赤橙とは、以下のイメージを持った色です。
「情熱的」「暖かい」「積極的」「パワフル」「エネルギッシュ」「力強い」
「実り」「繁栄」「成熟」「大人っぽい」「妖艶」「あでやか」
「晩年」「盛者必衰」「勢いを失う」「憂鬱」「落ち込む」「落ち目」「残照」「斜陽」「秋」
上のほうに書いたポジティブなイメージが、後半の黄昏のイメージの前振りにしかなっていないという……。ひとまず、落ちぶれたということは全盛期があったというわけで、「繁栄」を経験はしているのでしょう。それがいきすぎて、赤橙の個性が強く強調されると、落ちぶれるというわけですね。こうしてみると、諸行無常を表している色のように思えてきます。一度ピークに到達したり頂点を取ると、後は転げ落ちるだけですからね。
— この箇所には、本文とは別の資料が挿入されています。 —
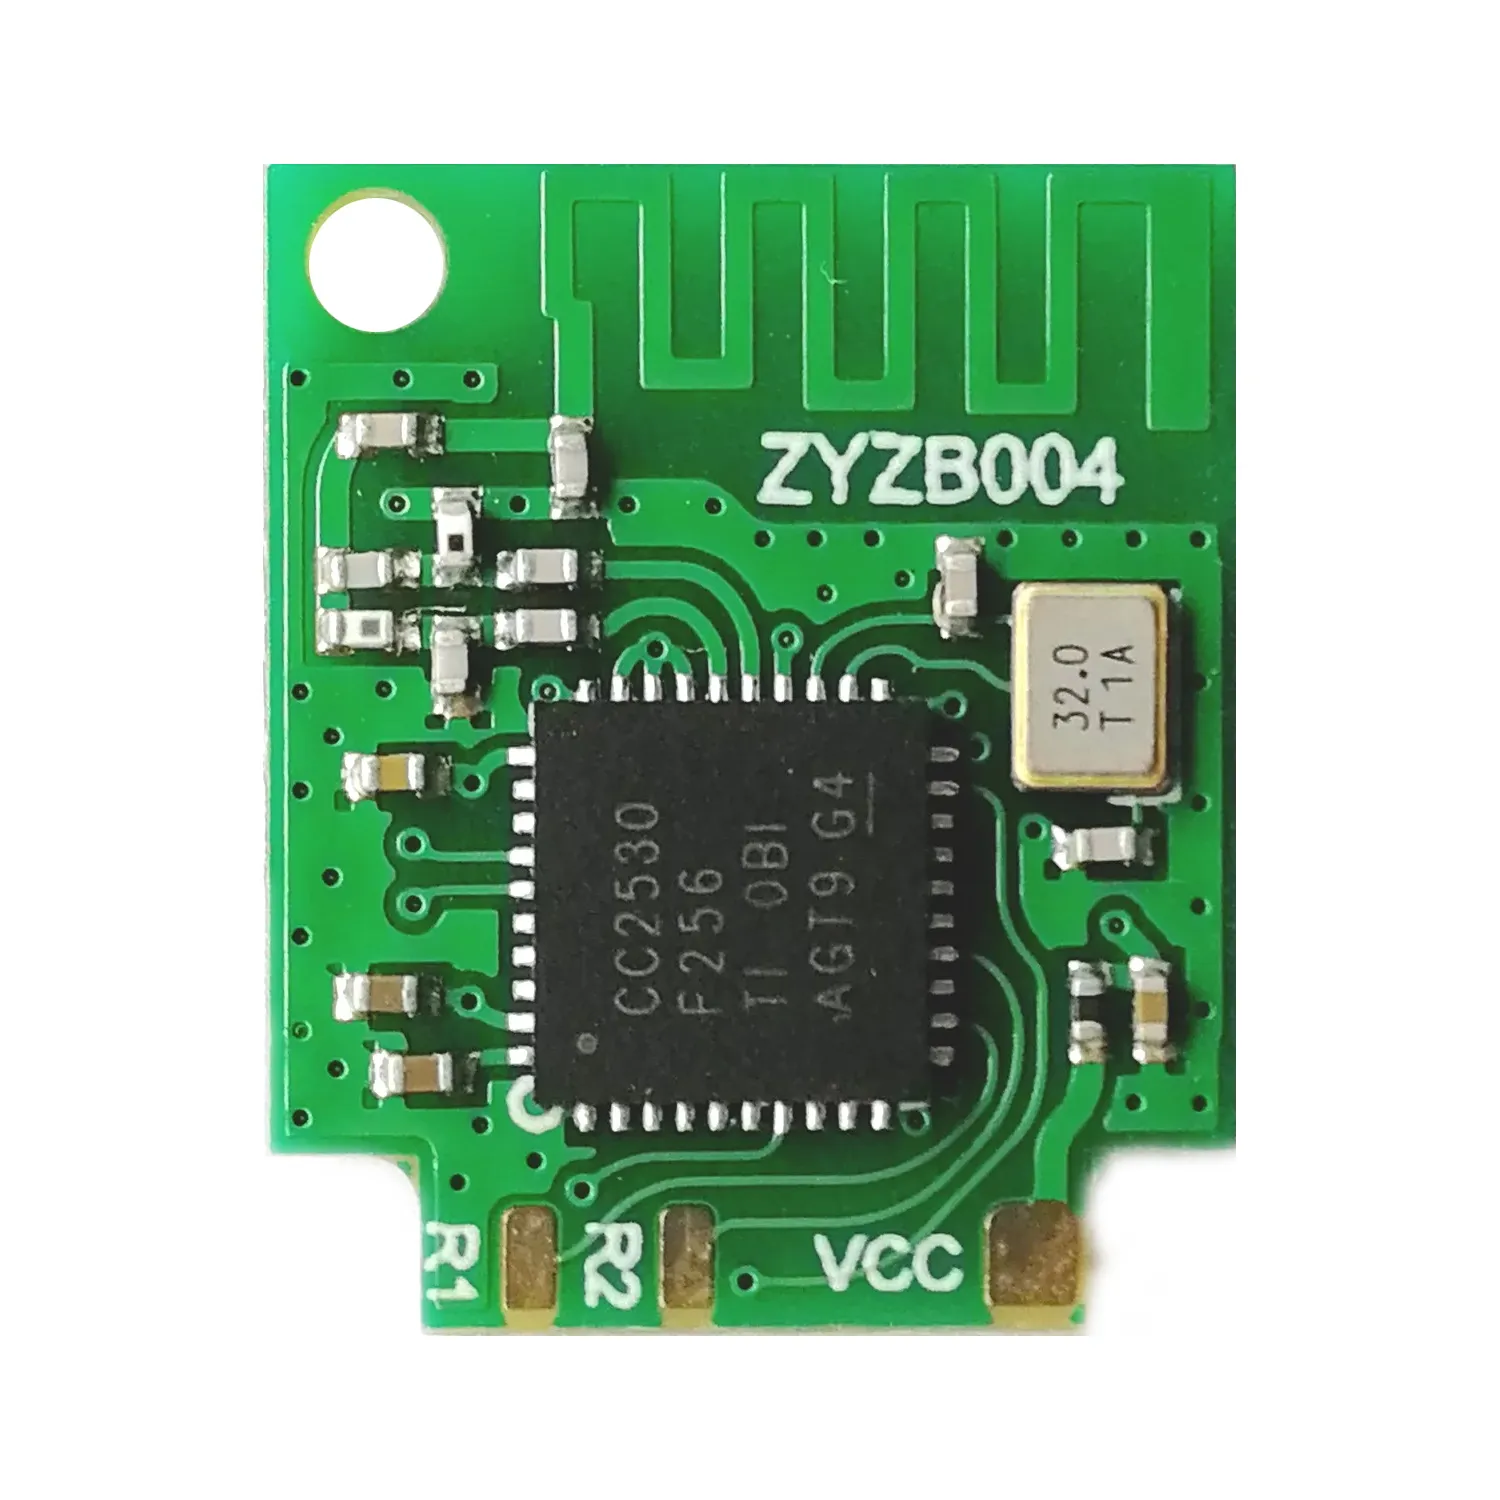 eWeLink ZigBee CC2530 Multifunction Switch Module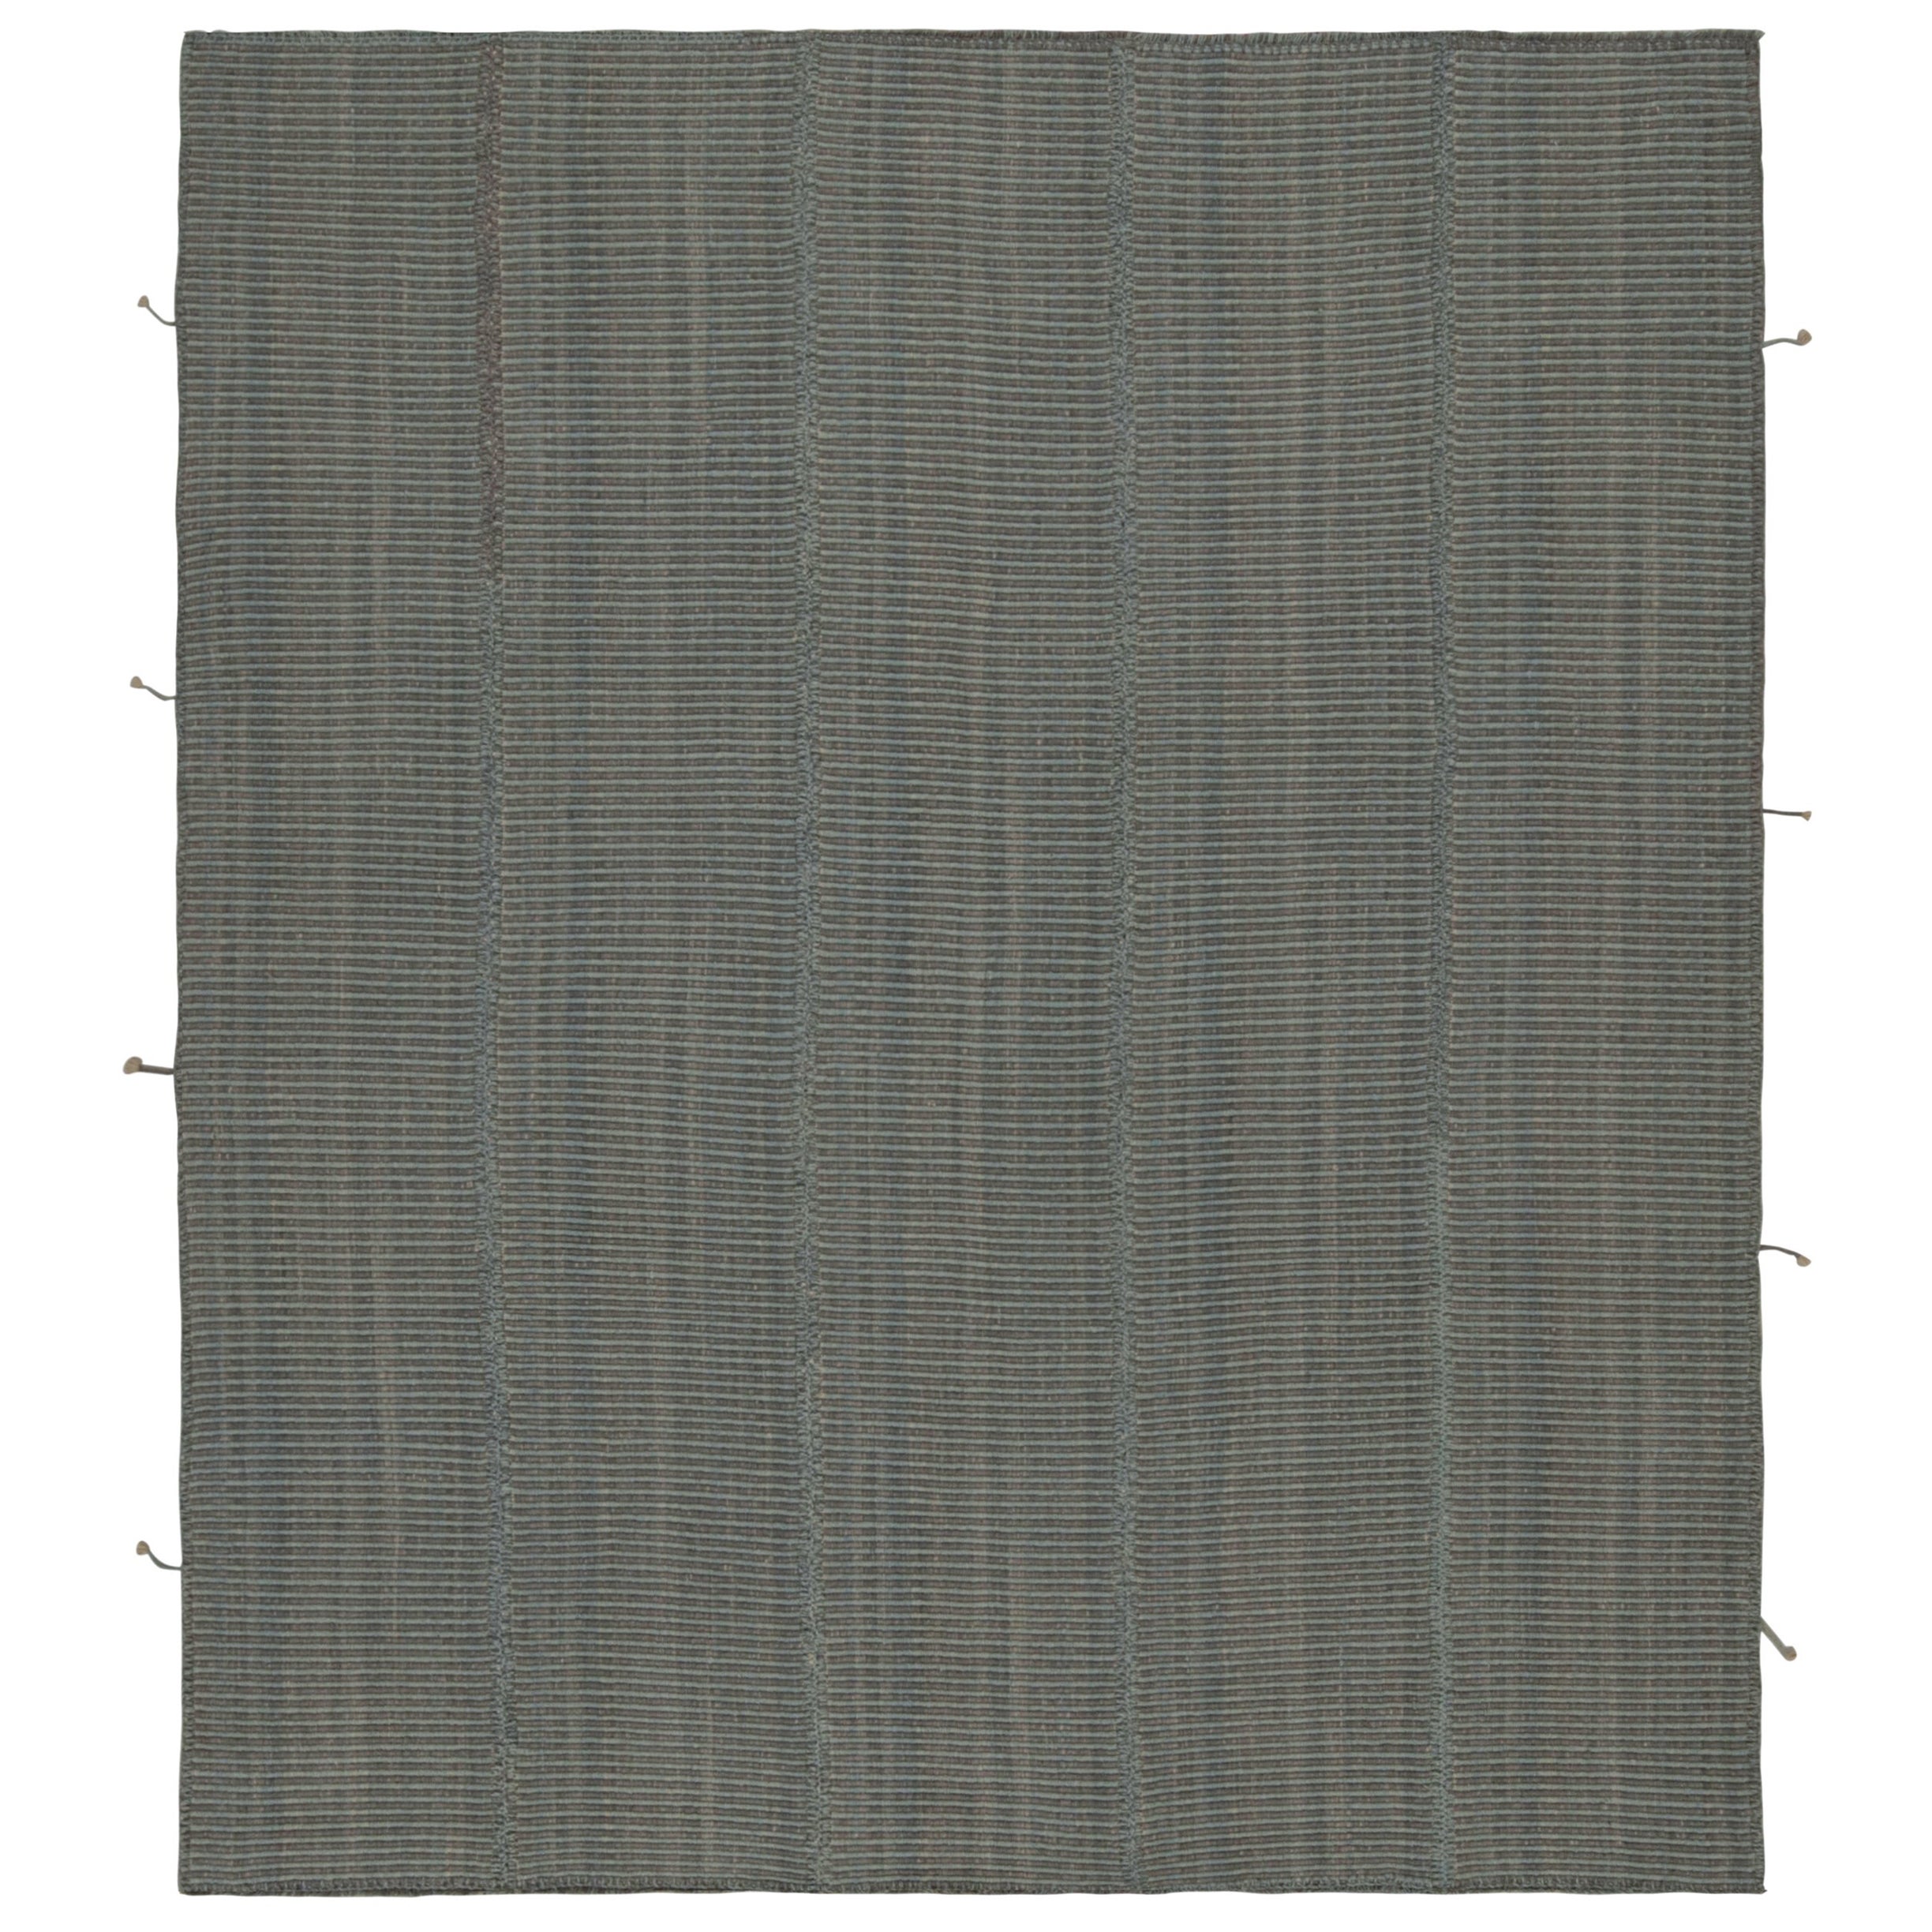 Rug & Kilim’s Modern Kilim in Gray & Blue Stripes For Sale

いやー、橙という字を使っているのが悪いですよ。もともと、ネガティブな象徴を抱えているカラーですので。オレンジレッドだと、また違った意味になるでしょう。具体的にどうなるかと聞かれますと、そうですね……。赤とオレンジの持つ印象を、ポジティブな部分だけ組み合わせた感じでしょうか。
「情熱的」「積極的」「明るい」「健康的」「フレッシュ」「熟成」「華やぎ」「ジューシー」「元気」「好奇心」etc……あとは、「強引」「自分勝手」「競争意識」などですね。
使い方は朱色という色を文章に出したくない場合におすすめします。